Embolization of the left gastric artery (LGA) reduces circulating levels of ghrelin, but might prevent from further obesity surgery, particularly sleeve gastrectomy (SG), since the gastroesophageal junction (GEJ), depending on LGA, would be devascularized. Our aim was to evaluate, in an experimental animal study, an endovascular approach targeting arteries of the gastroepiploic arcade aiming to modulate ghrelin levels and to generate an increased vascular supply of the GEJ to reduce the risks of staple-line leaks after SG.

Methods

Seven pigs underwent embolization of both left and right gastroepiploic arteries (LGEA and RGEA) using 500–700-μ microspheres (embolization of arterial gastric supply in obesity (EMBARGO)-alpha). A SG was performed in six pigs 3 weeks after EMBARGO-alpha and on eight controls. Capillary lactates were measured at the cardia and pylorus. Five pigs underwent coiling of RGEA and embolization of LGEA using both coils and 100–300-μ microspheres (EMBARGO-beta).
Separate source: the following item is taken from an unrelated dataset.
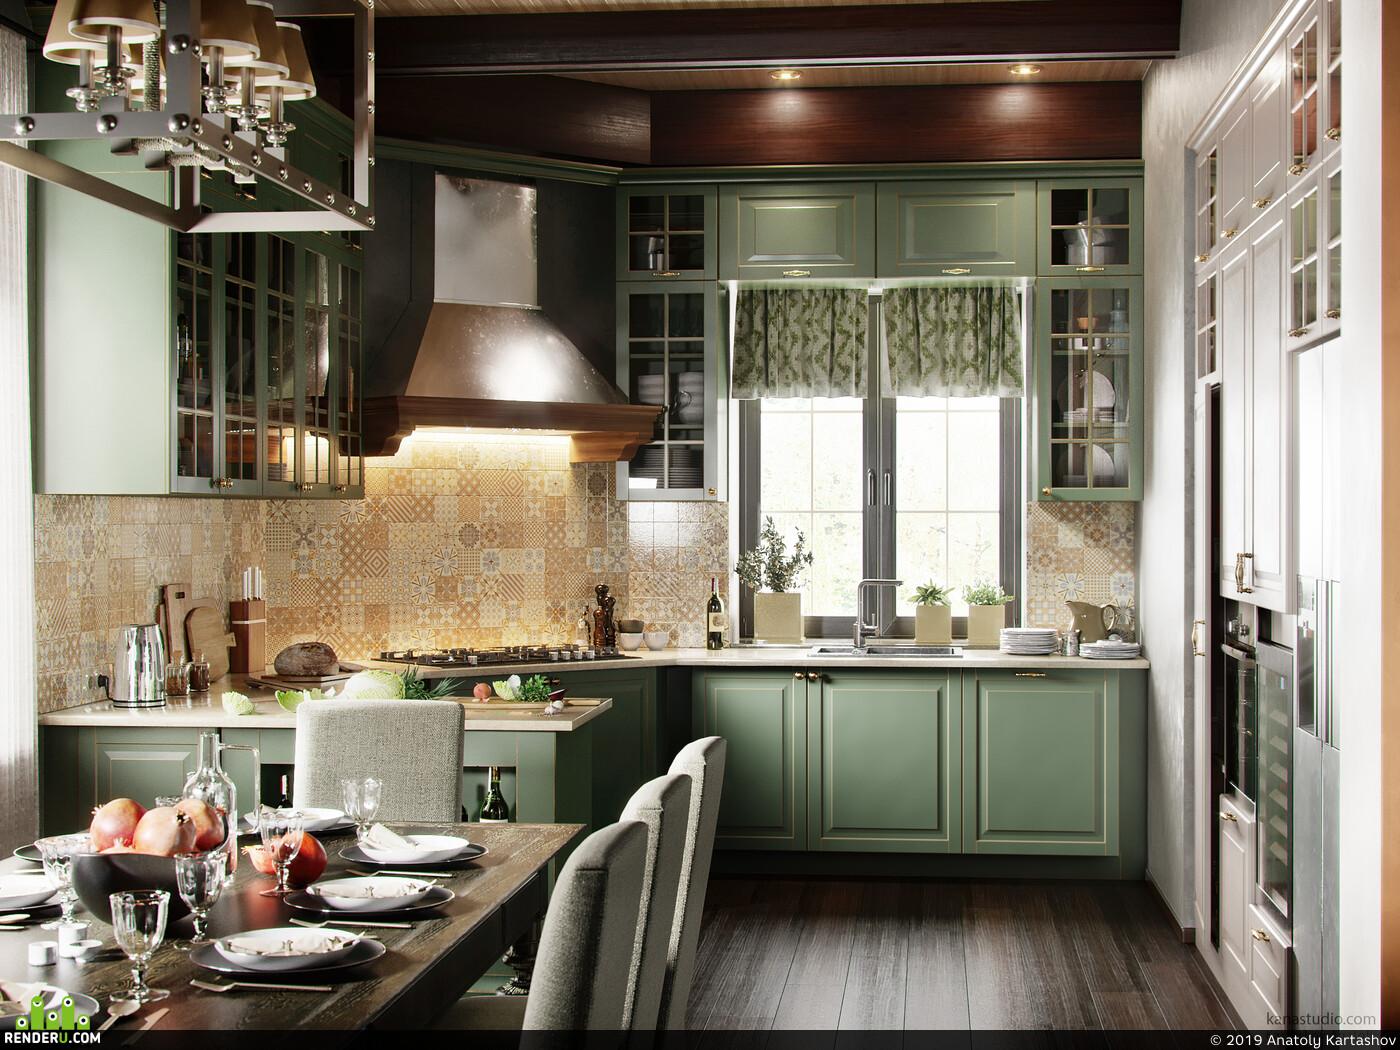 3Dsmax, Corona Renderer, interior, интерьер, Adobe Photoshop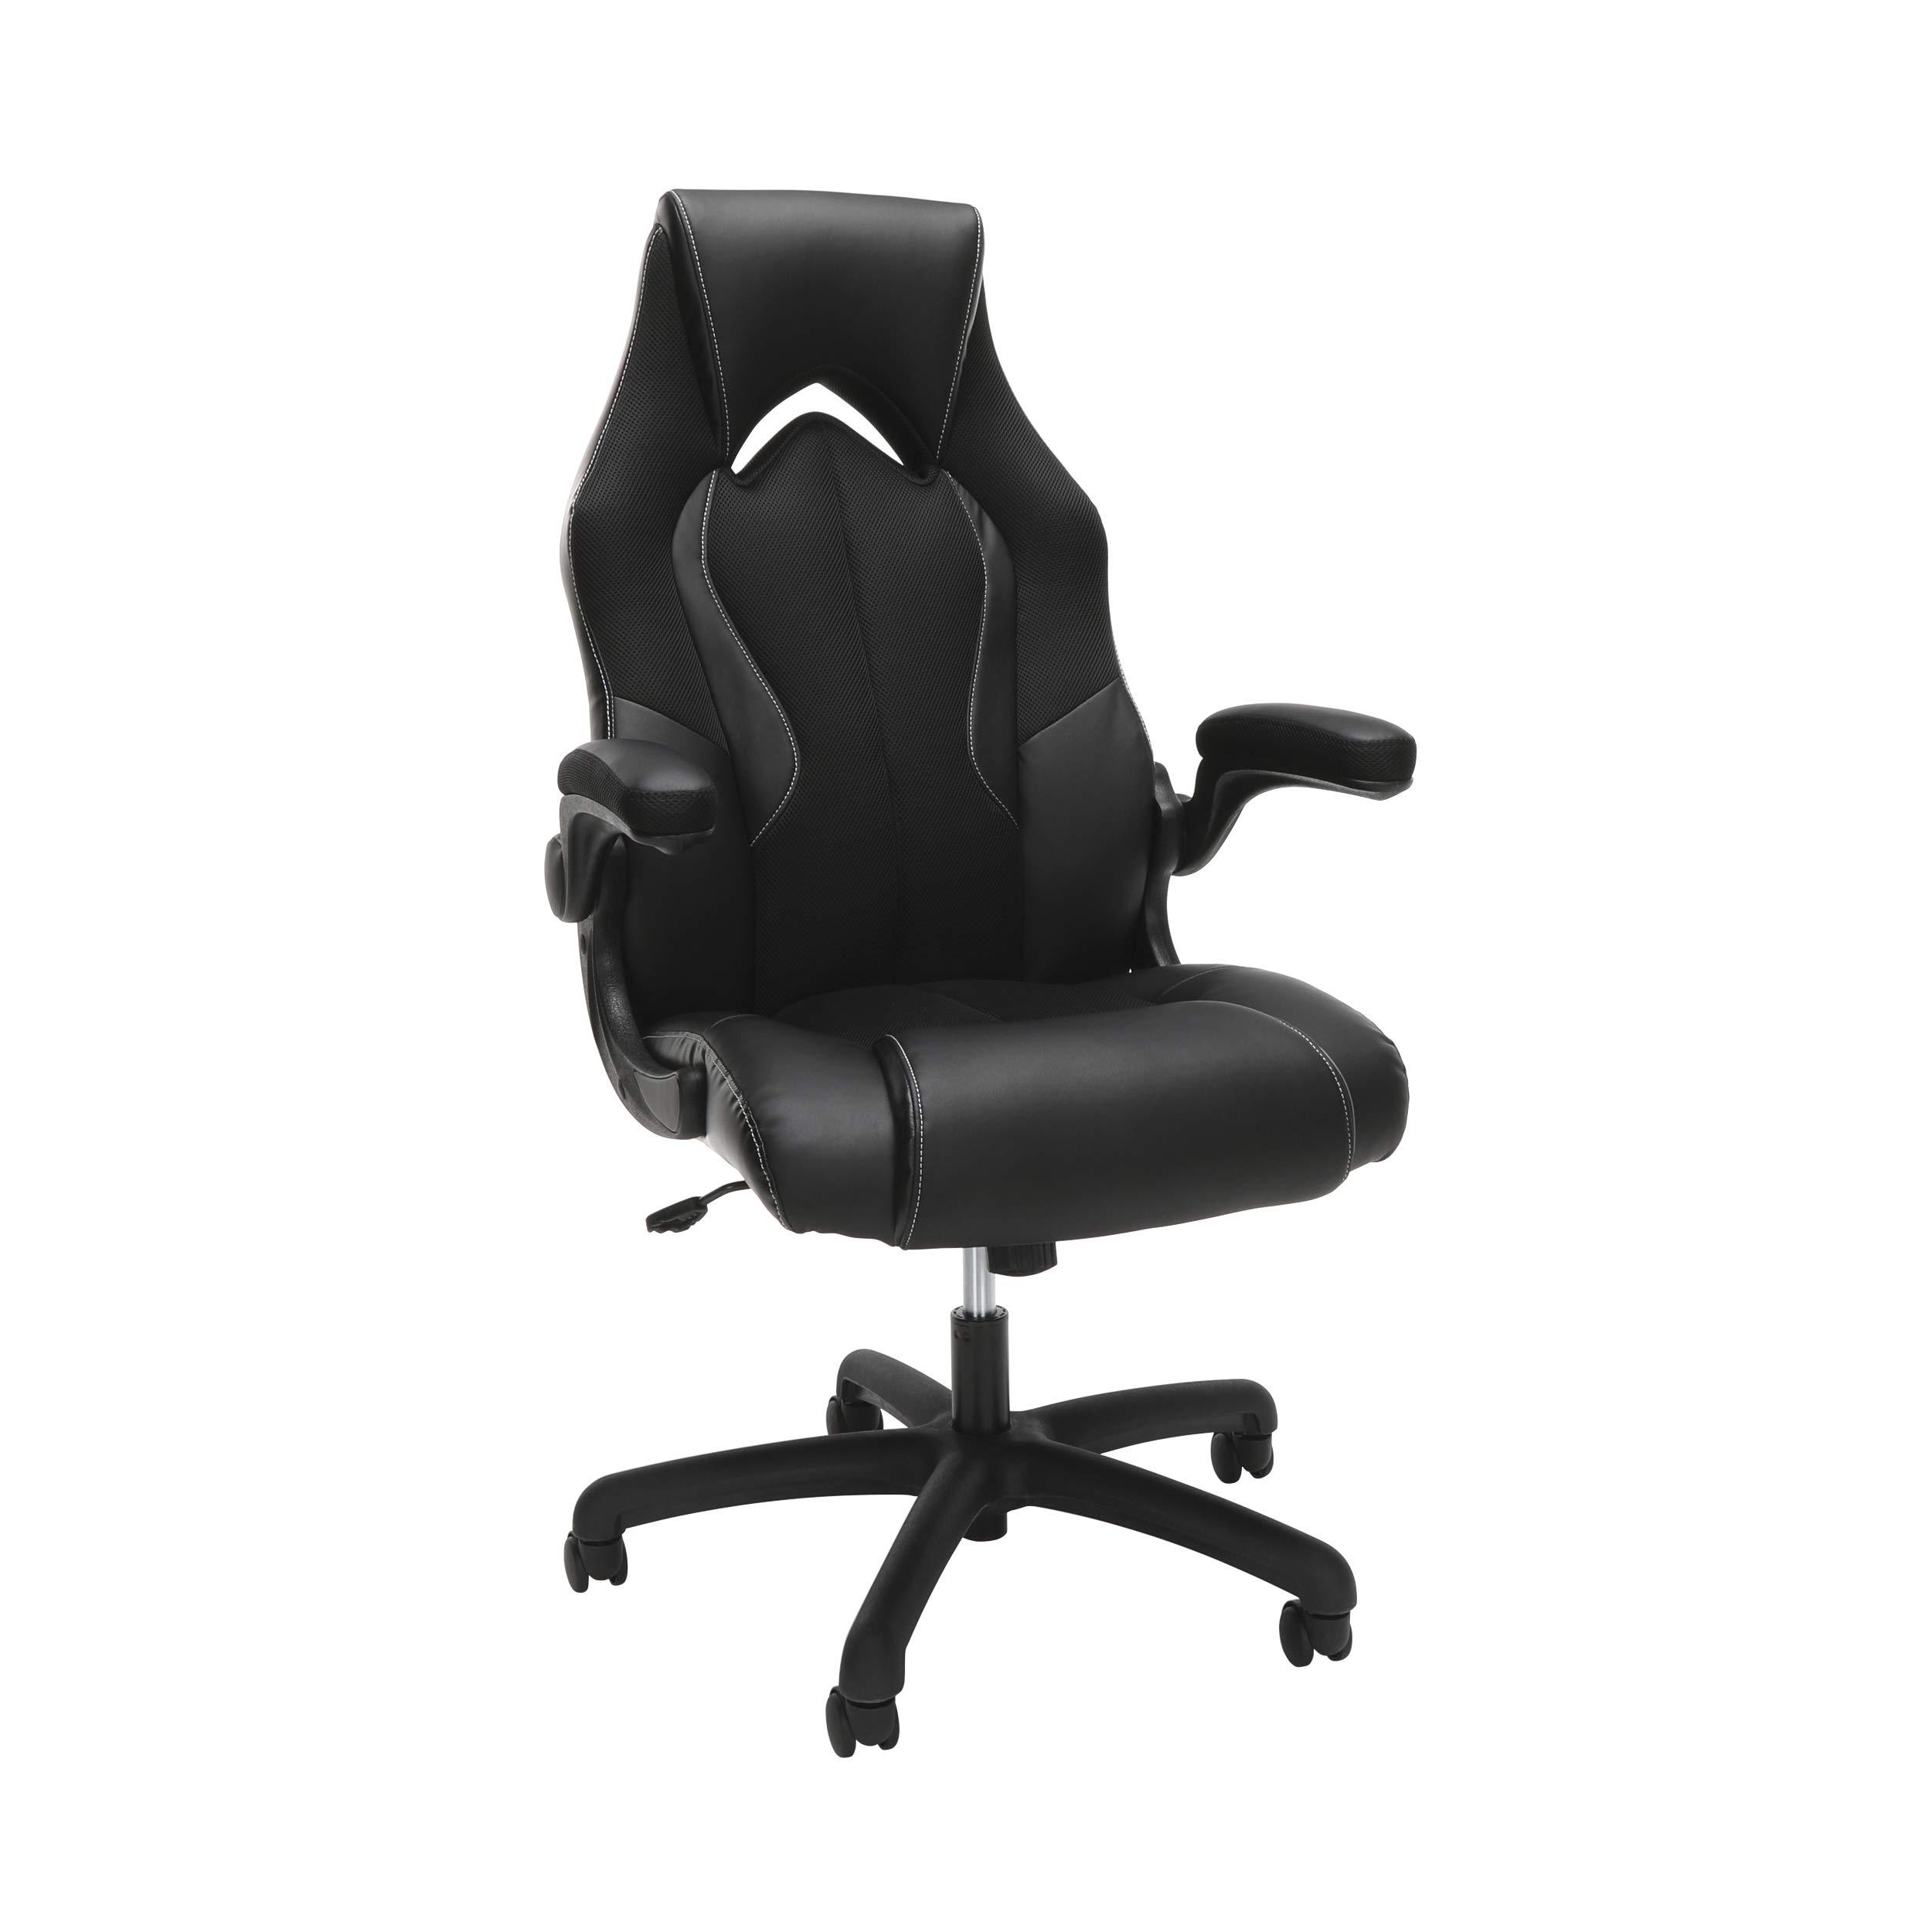 Video Game Chairs Dubai | Online Video Game Chairs Shop UAE

Ghrelin levels were assessed before and once per week after both EMBARGOs. Control celiac trunk angiography was performed at 3 weeks (alpha) and 4 weeks (beta).

Results

No significant ghrelin reduction was obtained with EMBARGO-alpha at 3 weeks when compared to baseline. Significant ghrelin reduction was found 3 weeks (p = 0.0363) and 4 weeks (p = 0.025) after EMBARGO-beta. Post-EMBARGO-alpha animals presented a significantly lower increase in cardia lactates when compared to controls after SG. Control angiography showed a significantly increased fundic vascular network in 5/6 animals after EMBARGO-alpha and in 5/5 after EMBARGO-beta.

Conclusions

EMBARGO is effective to decrease ghrelin production and can enhance the vascular supply of the GEJ, preparing the vascular background for a SG.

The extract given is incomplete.